July 24th, 2022
Treat Pattern Baldness with Same-Day Stem Cell Therapy
The medical term for pattern baldness is androgenetic alopecia, and it involves the thinning of the hair, a receding hairline, or an isolated bald spot on the top of the head. Currently the most common type of hair loss, pattern baldness can cause people a great deal of mental stress.

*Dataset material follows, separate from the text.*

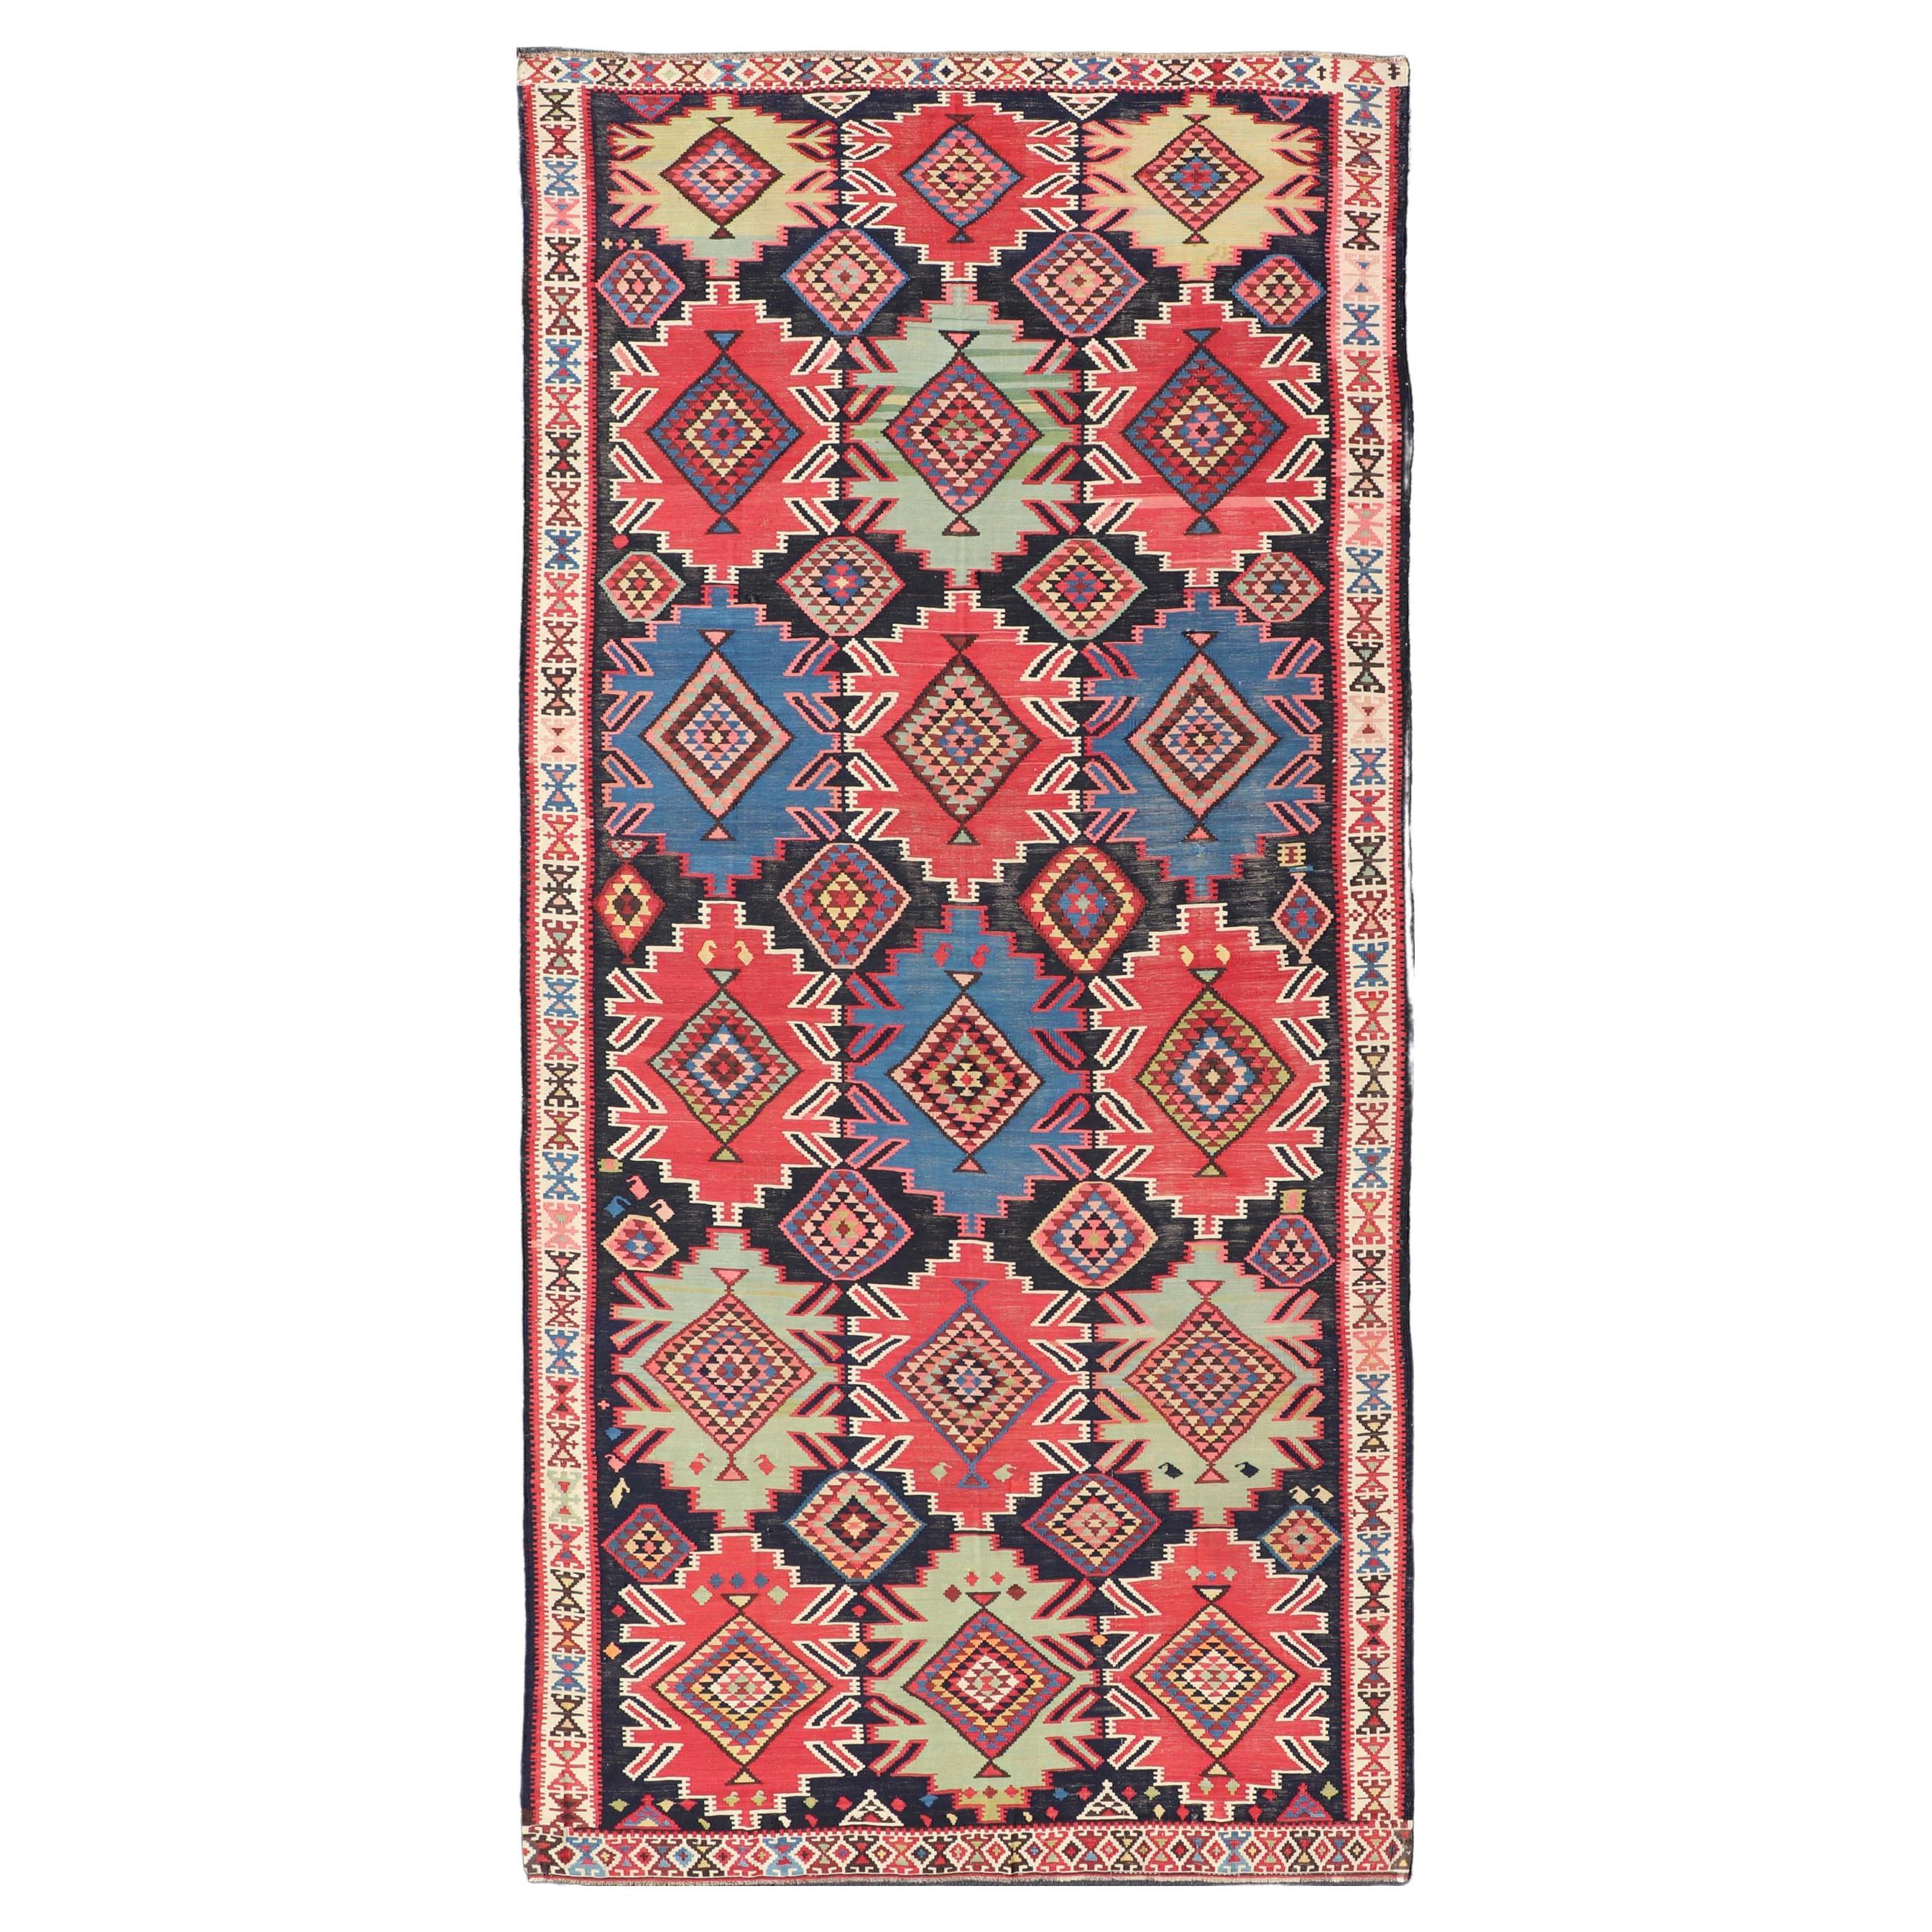 Antiker Kuba-Kelim-Galerie-Teppich aus dem 19. Jahrhundert mit lebhaften Farben
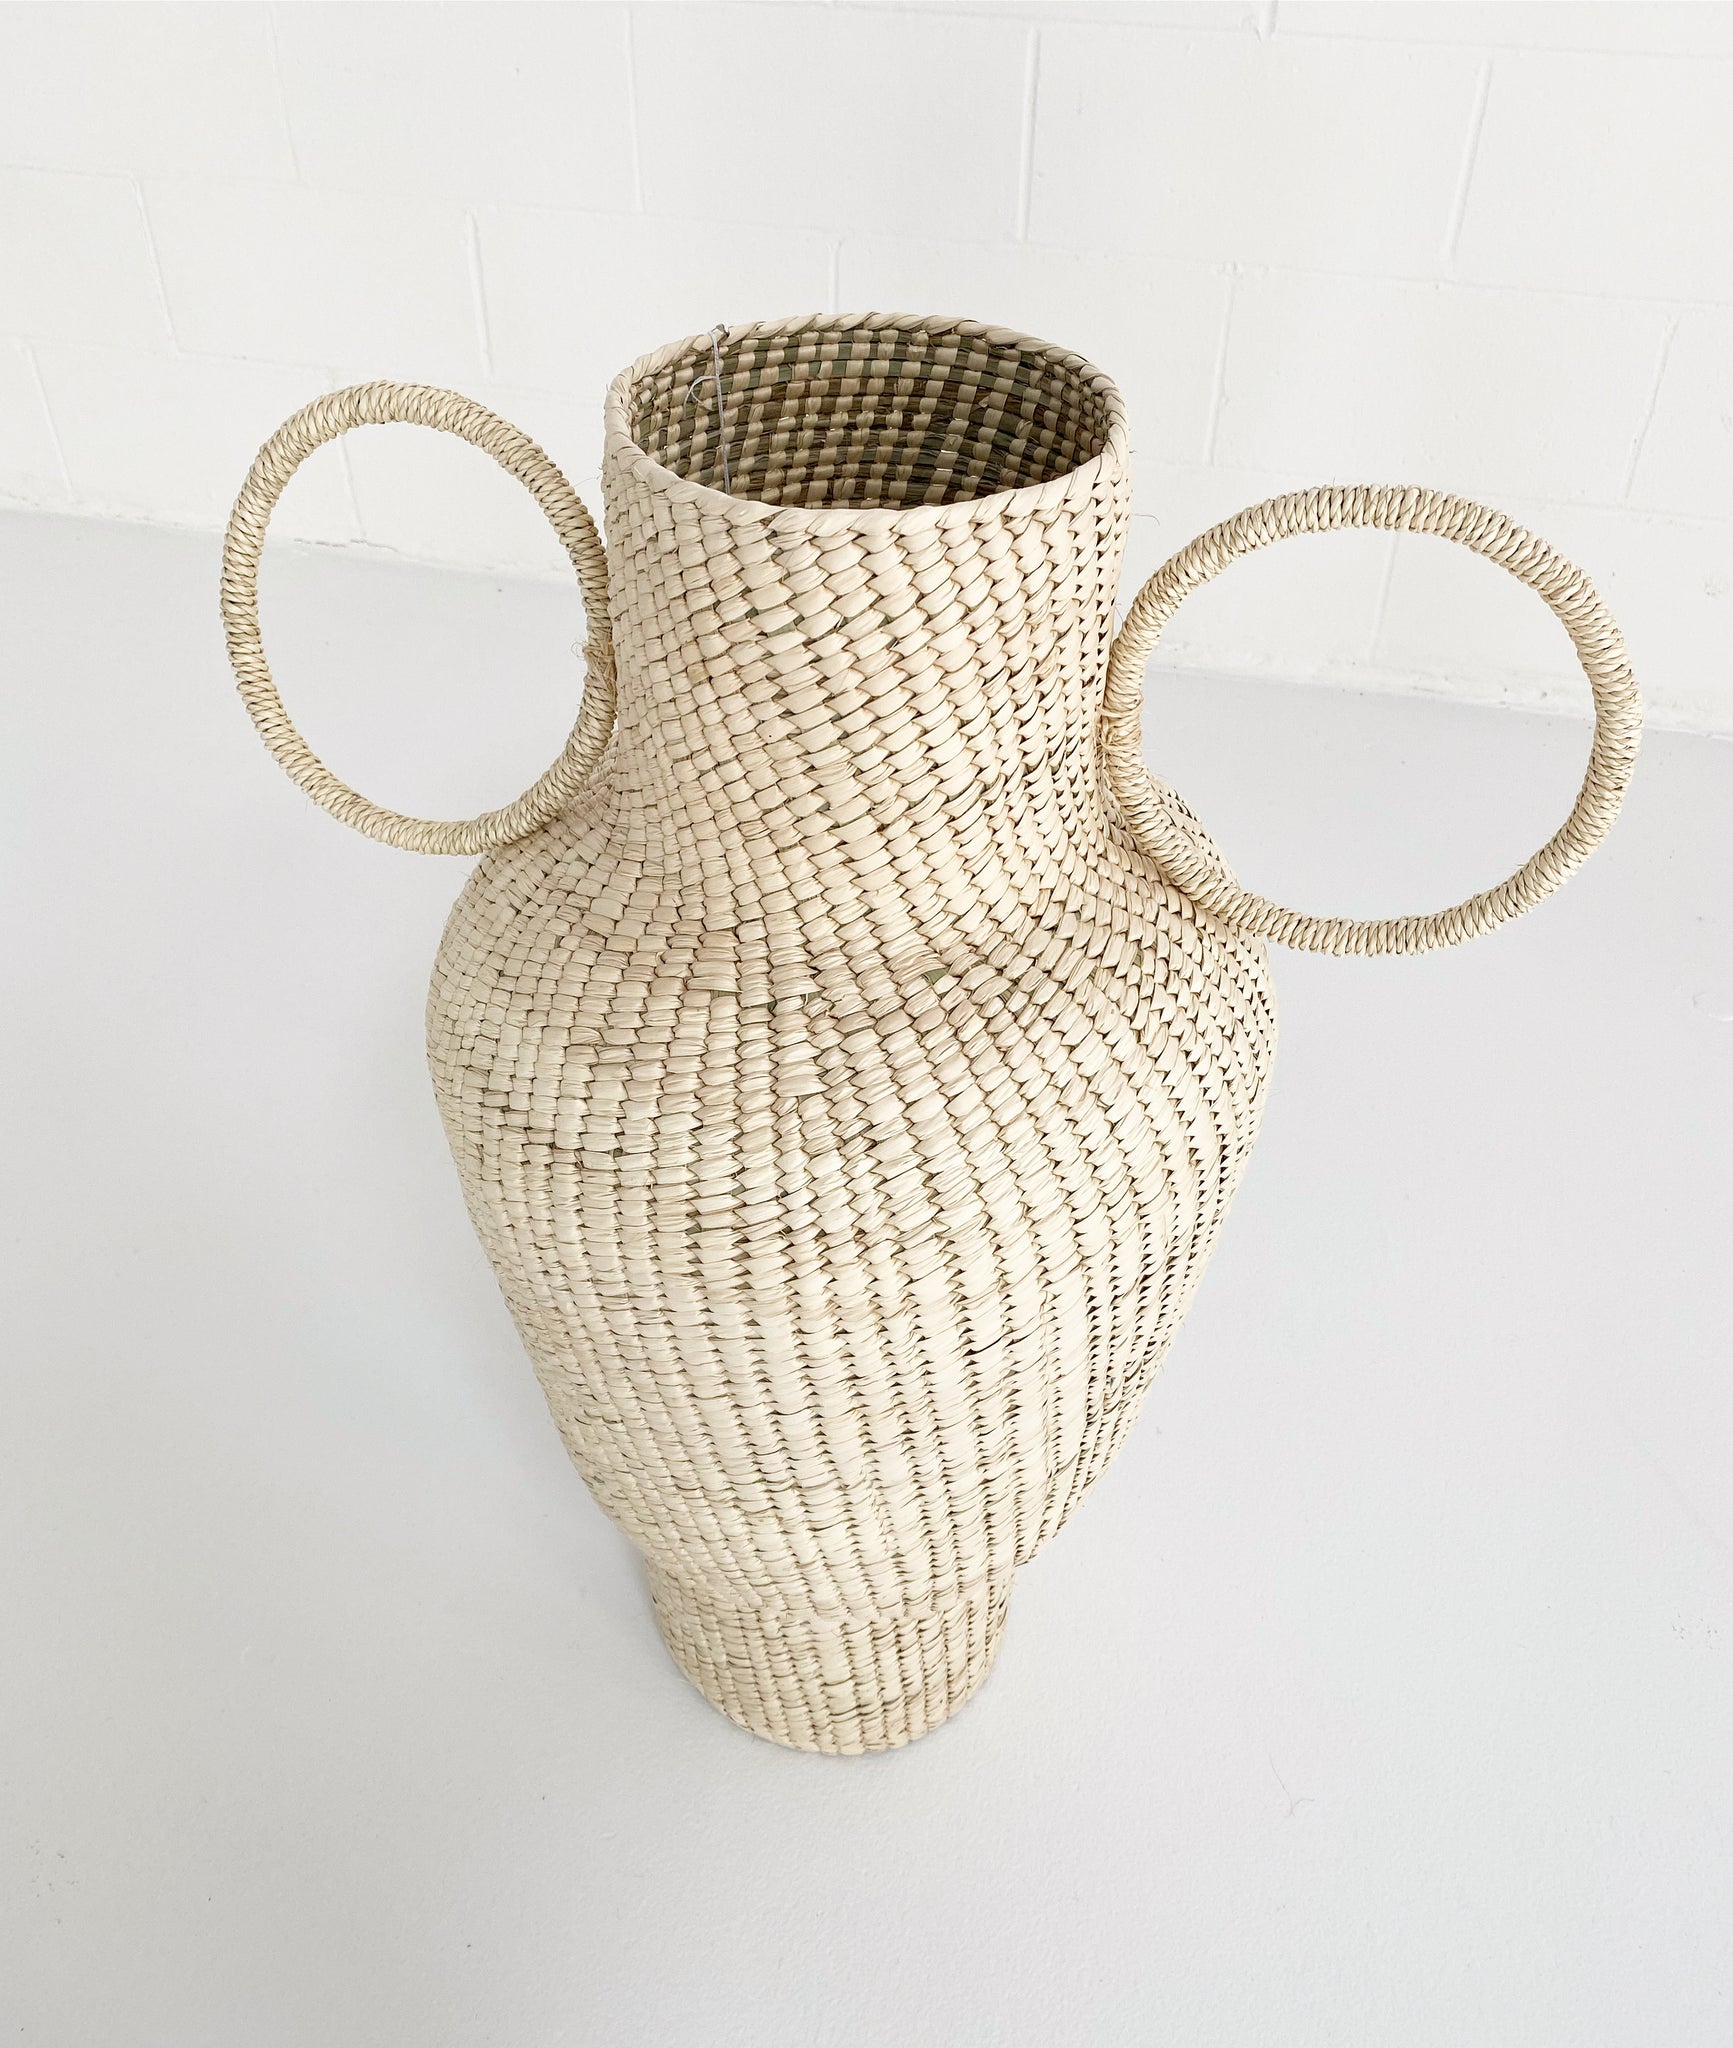 Union Vase 03, Palm Sculpture

Unfortunately, this often-premature type of hair loss affects around four people out of every five by the time they reach the age of 70. And it’s not just men who experience androgenetic alopecia—lots of women suffer from the condition, too. While it’s not life threatening, pattern baldness causes or exacerbates a range of mental health conditions, including depression and anxiety.
Despite the prevalence of androgenetic alopecia, the few treatments that are available deliver limited and erratic results. The main prescription medications for the condition in men are minoxidil and finasteride. Minoxidil is designed for direct application to the scalp, while finasteride is a type of oral medication.
While both medications deliver results, they’re usually modest—and any positive changes are often reversed when the patient stops taking or using them. Other potential treatments for androgenetic alopecia include light therapy, surgery, platelet-rich plasma therapy and a medication called dutasteride.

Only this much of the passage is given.